### Required action
With images removed, return the whole listing exactly as written.

*** Opening Stored data ***

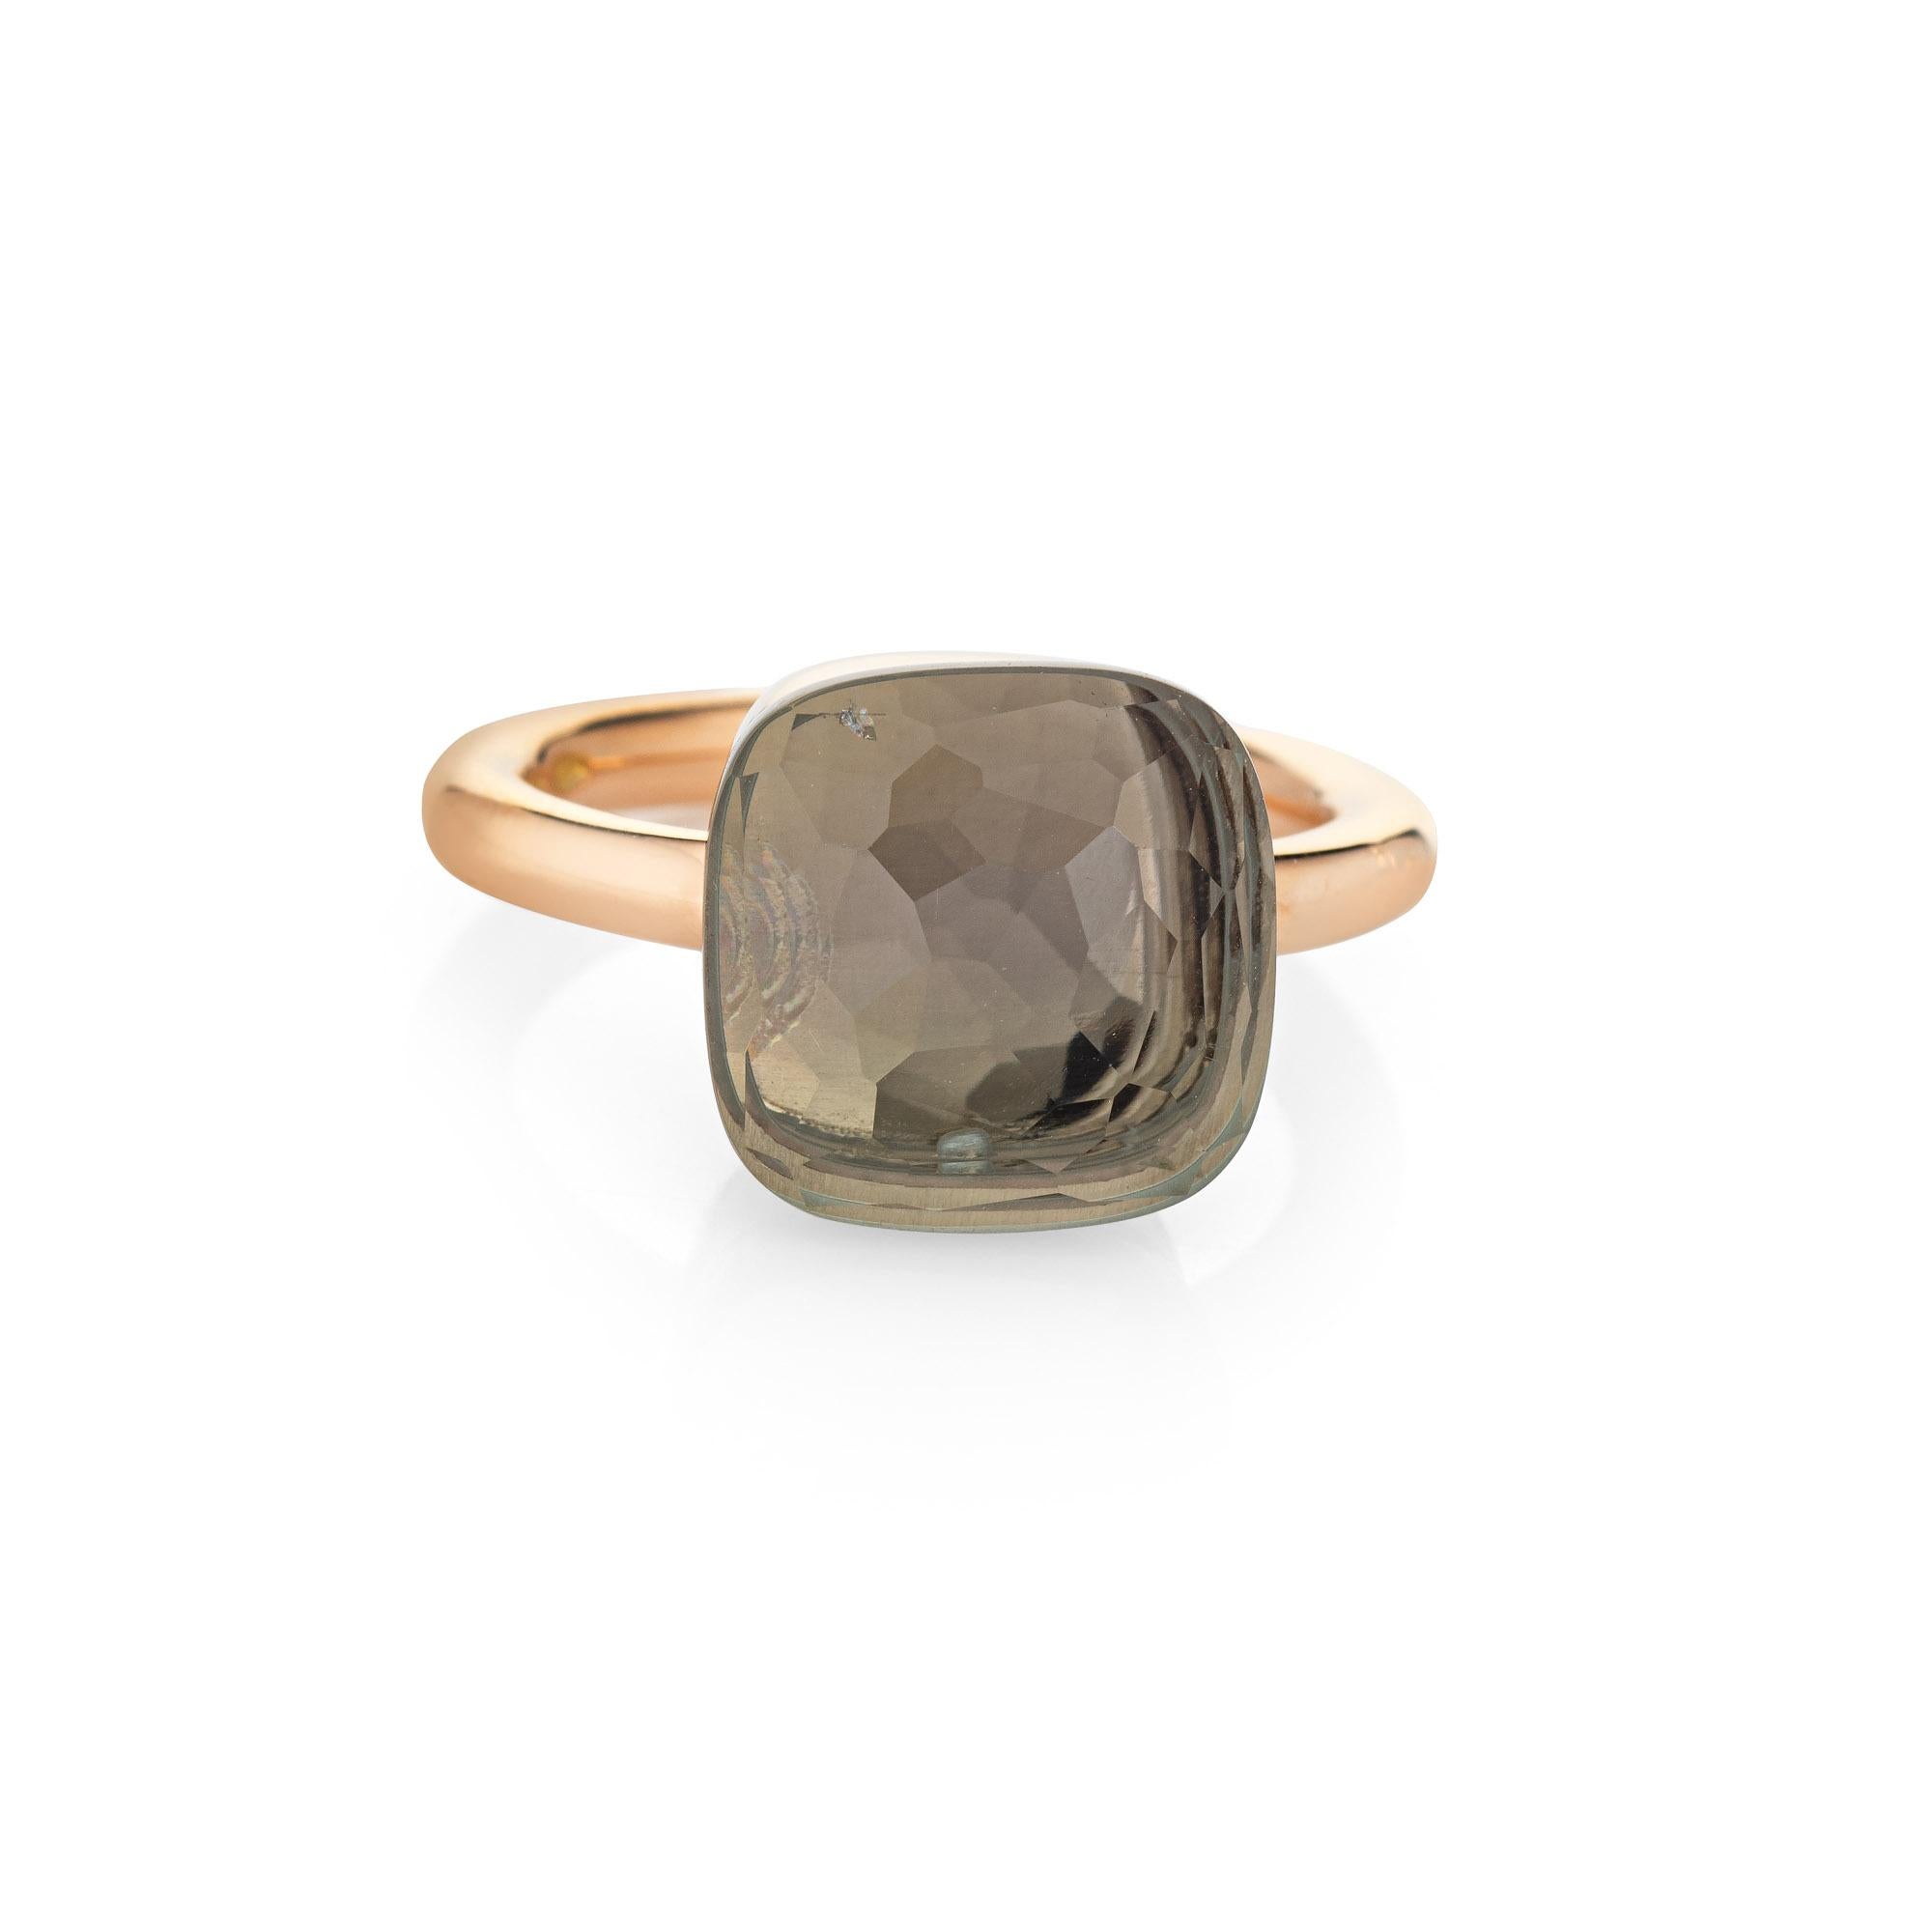 Finely detailed estate Pomellato Nudo Maxi prasiolite ring, crafted in 18 karat rose gold. 

Faceted prasiolite measures 12.5mm (estimated at 11 carats). The stone is in good condition with one small chip visible under a 10x loupe.   

The ring is

*** Closing Stored data ***

### Solution to the problem
 Finely detailed estate Pomellato Nudo Maxi prasiolite ring, crafted in 18 karat rose gold. 

Faceted prasiolite measures 12.5mm (estimated at 11 carats). The stone is in good condition with one small chip visible under a 10x loupe.   

The ring is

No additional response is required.